The site is located along a stretch of the Roman road that crosses the southern Golan Heights from east to west (Fig. 1). The site was first described during the Golan Survey as a small tower, located approximately 16 m north of the Roman road (Fig. 2). Four milestones or their fragments were surveyed in the vicinity of the tower (Israel Milestone Committee Numbers 293, 408, 409 and 415). The site was identified as a Roman-period mile station, an identification supported also by pottery found on the surface and dated to the Middle–Late Roman period (Hartal and Ben Efraim 2012: Site 79). Another mile station, also comprising a tower and four milestones, was excavated some 1,500 m (i.e., about one Roman mile) to the east along the road (Ma‘oz 1984). The area of the structure was cleared of topsoil, and a probe was sunk in the eastern room of the tower.
 

The structure is rectangular (c. 5.90 x 5.55 m; Fig. 3). Its dry-built masonry walls (width 0.85–0.90 m) survive only up to two courses high, built of two faces of hewn basalt blocks laid in headers-and-stretchers or in headers only. The outline of the western wall (W161) and the southwestern corner of the structure is mostly conjectural, because here the excavation did not continue below topsoil. Two short segments of a possible partition wall (W166; width c. 0.8 m), built as two faces of fieldstones, were uncovered adjacent to the northern and southern walls, creating two rooms (c. 1.55 x 4.20 m each). Since the central part of the wall was not found or identified in the section, it is possible that the two segments are a later addition of pilasters or an arch supporting the ceiling. The entrance (width 0.8 m) was identified in the center of the eastern wall (W159), where the threshold is preserved in situ (Fig. 4). The eastern room of the structure was composed of hard, lumpy dark brown basaltic soil (protogrumosol) with inclusions of fieldstones and broken pieces of masonry. A stone pavement (F163; Fig. 5) was exposed in the southern half of the probe, composed of small basalt stones set in a dark, clayey soil.
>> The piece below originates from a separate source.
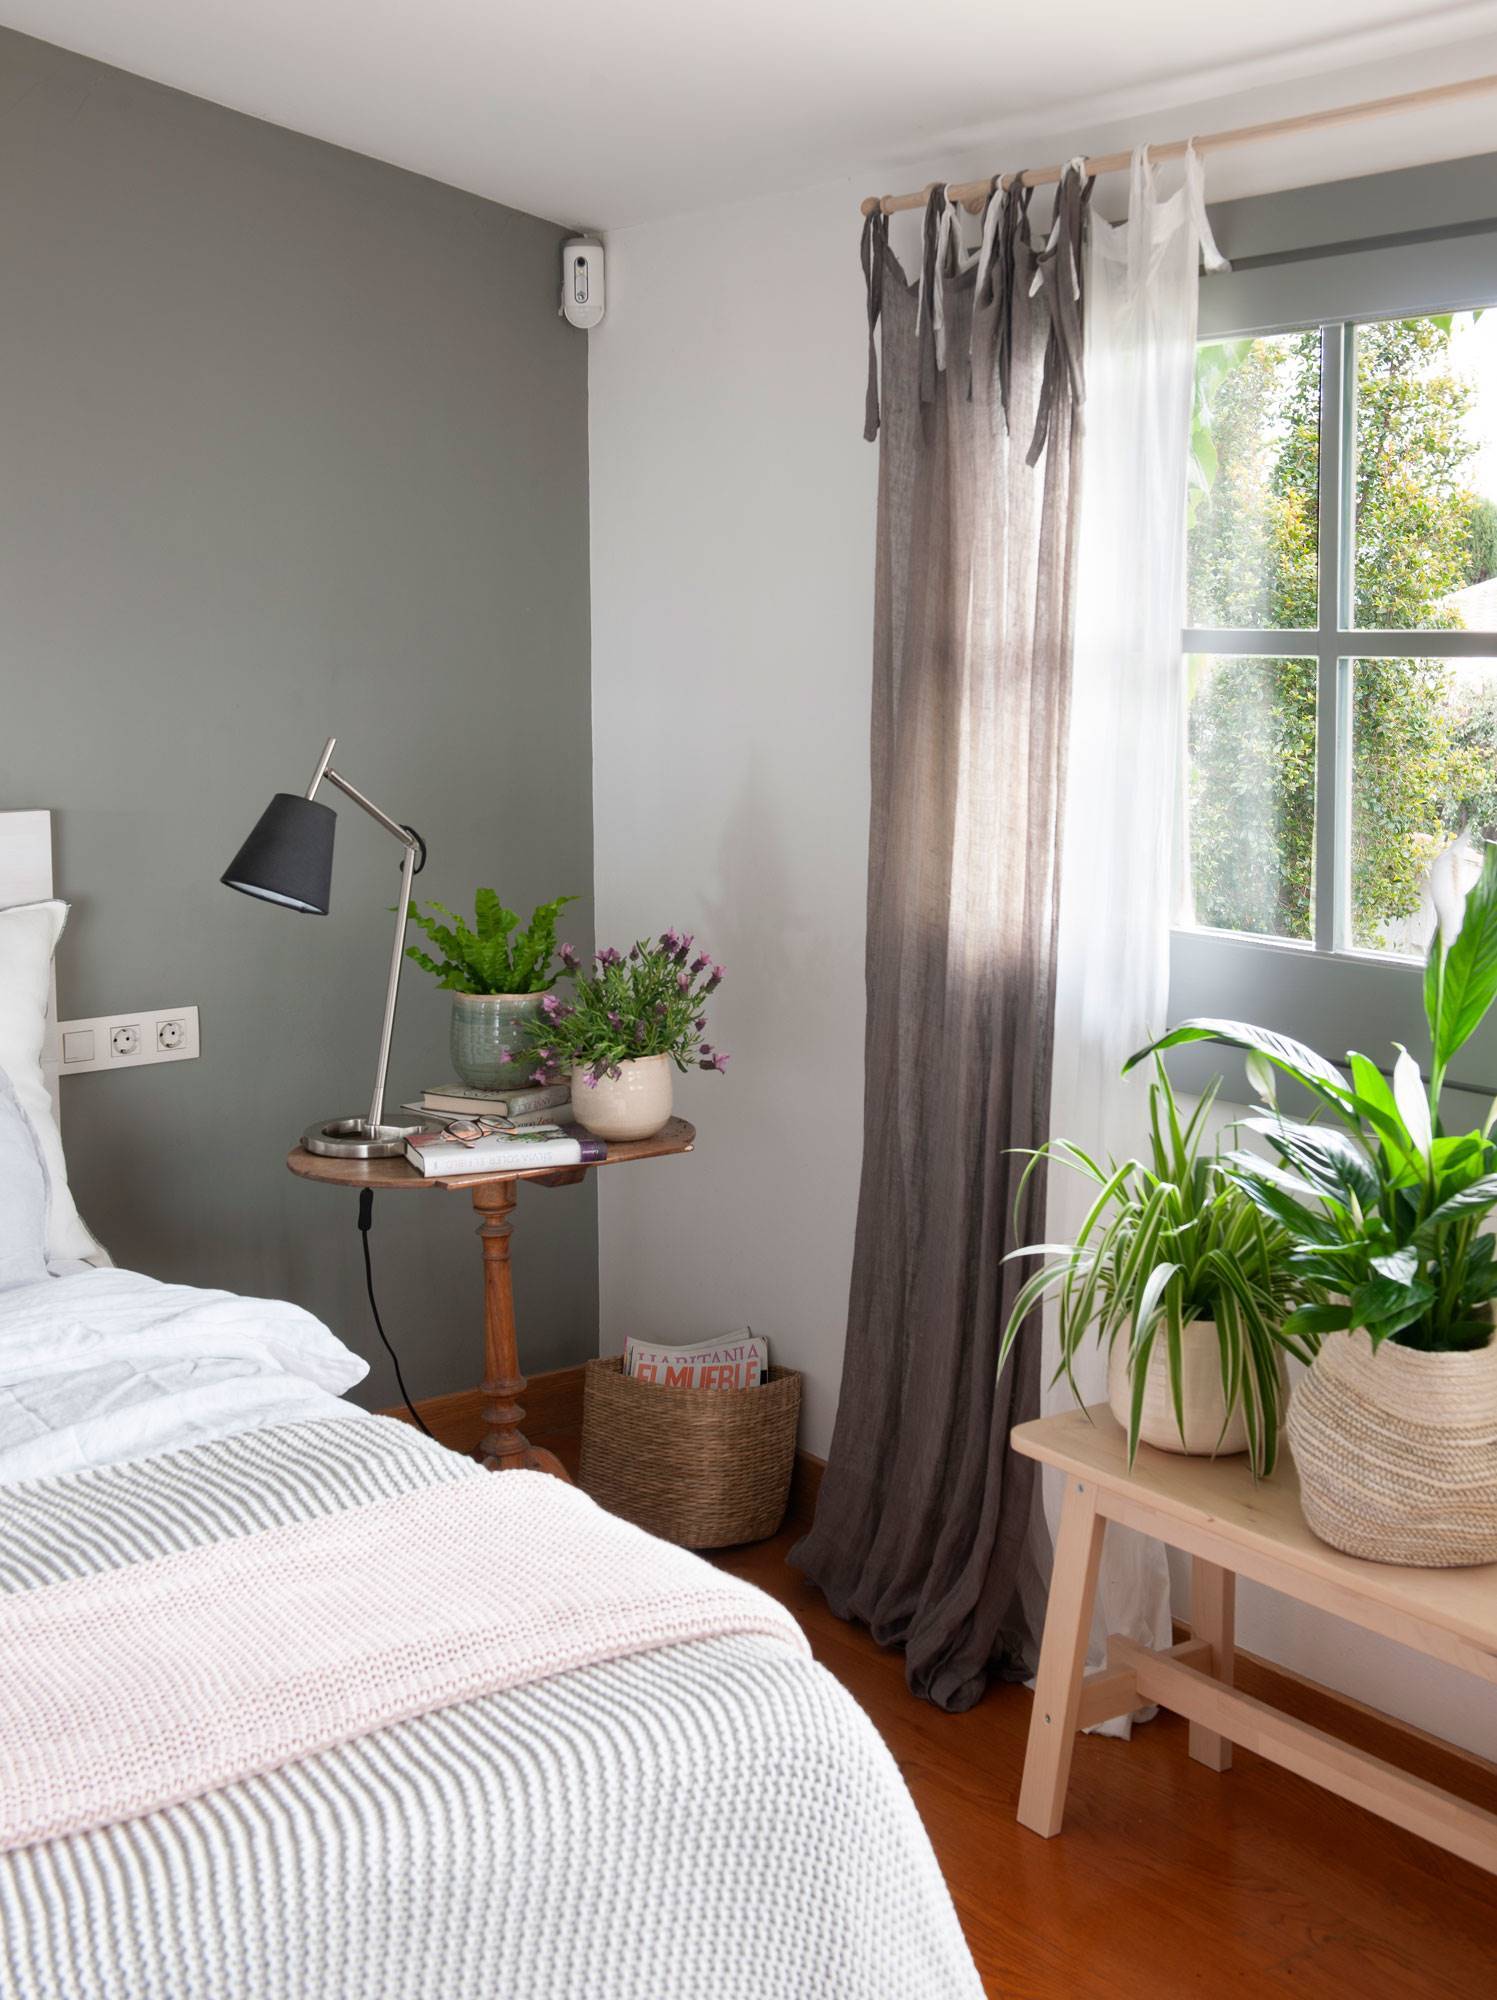 dormitorio-decorado-con-plantas-y-pared-gris-00506948-o dff84dc9 1497x2000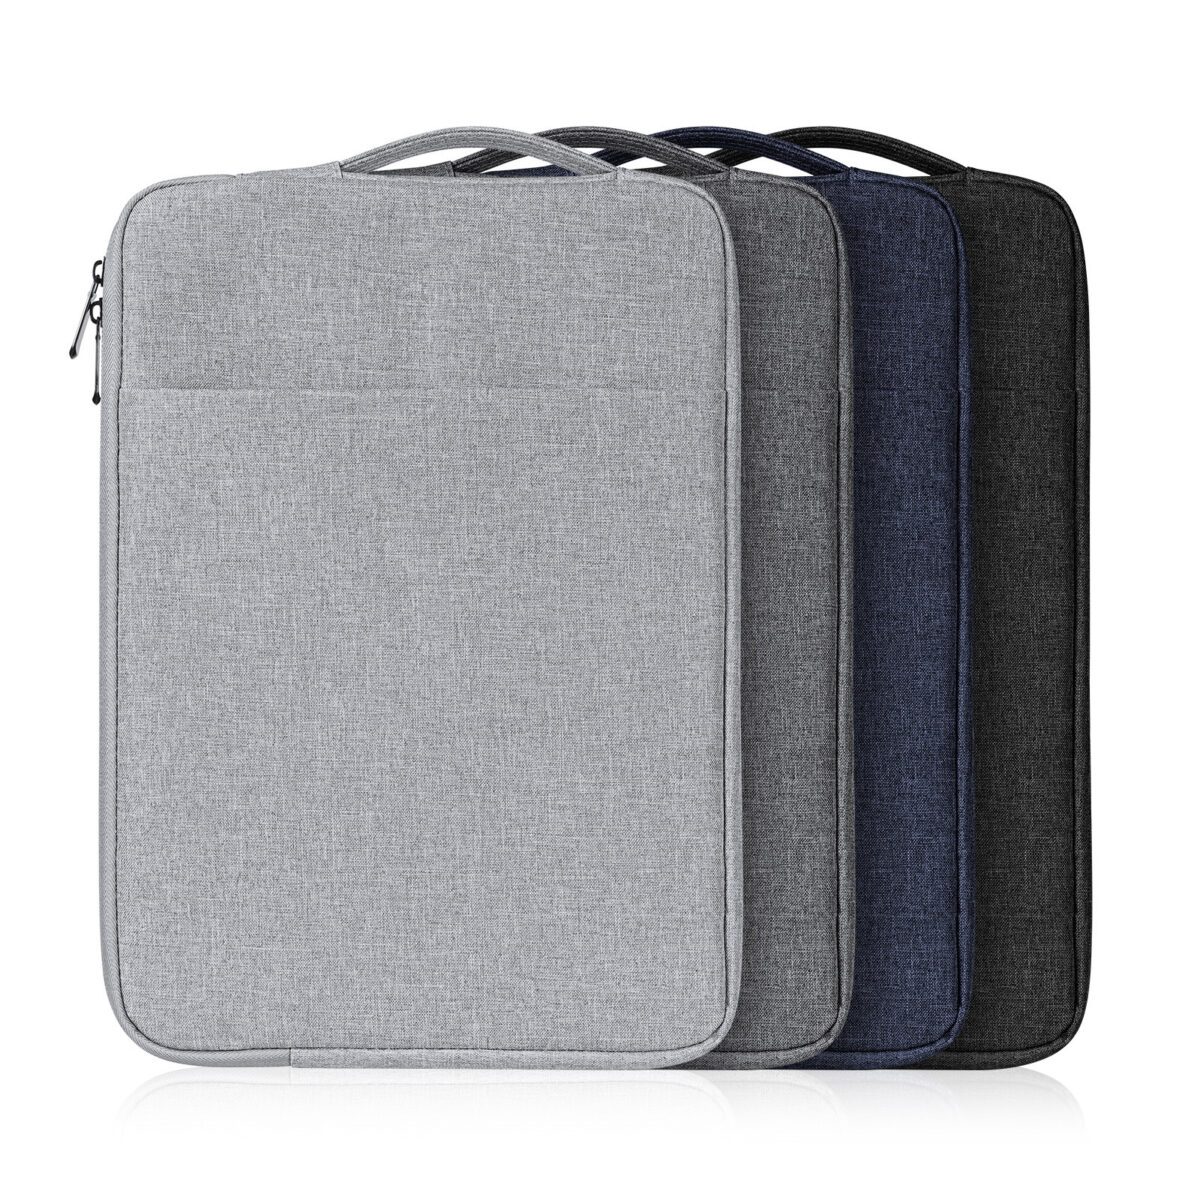 LBDC Series Sleeve for Laptop, MacBook, Notebook, Tablet

Locus 165 lies below Pavement F163, composed of loose dark brown soil with fewer stones. Given that the inner faces of the walls of the structure at this depth were built of smaller, unhewn stones, L165 probably represents the foundation level of the structure.

The pottery found during the excavations comprises mainly local wares of the Kefar Hananya family (including Forms 1E and 4C), and wares common also in the northern Golan (Hawarit ware), dating from the late second–early third century CE. Two fragments of a discus lamp were also found. No clear Byzantine types or imported Late Roman Red Ware were present.

The only other find was an iron hobnail of a caliga (Roman military boot) that was found in the topsoil, adjacent to the threshold, on the outside. What may be a basalt door was found during the clearing of the topsoil above the northeastern corner (Fig. 6). The assumed door is however too narrow for the full width of the threshold and may have formed one wing of the doorway.

 
The site is a characteristic Roman watchtower erected along the imperial highway that connected the region around the Sea of Galilee with southern Syria, where it apparently joined a road leading from Damascus to Dera‘. Although no coins were found, the watchtower can be safely dated to the third century CE, but its erection in the late second century CE cannot be ruled out. The latest date for the pottery assemblage can be established in the second half of the third–first half of the fourth century CE, providing the latest date of the use of the tower.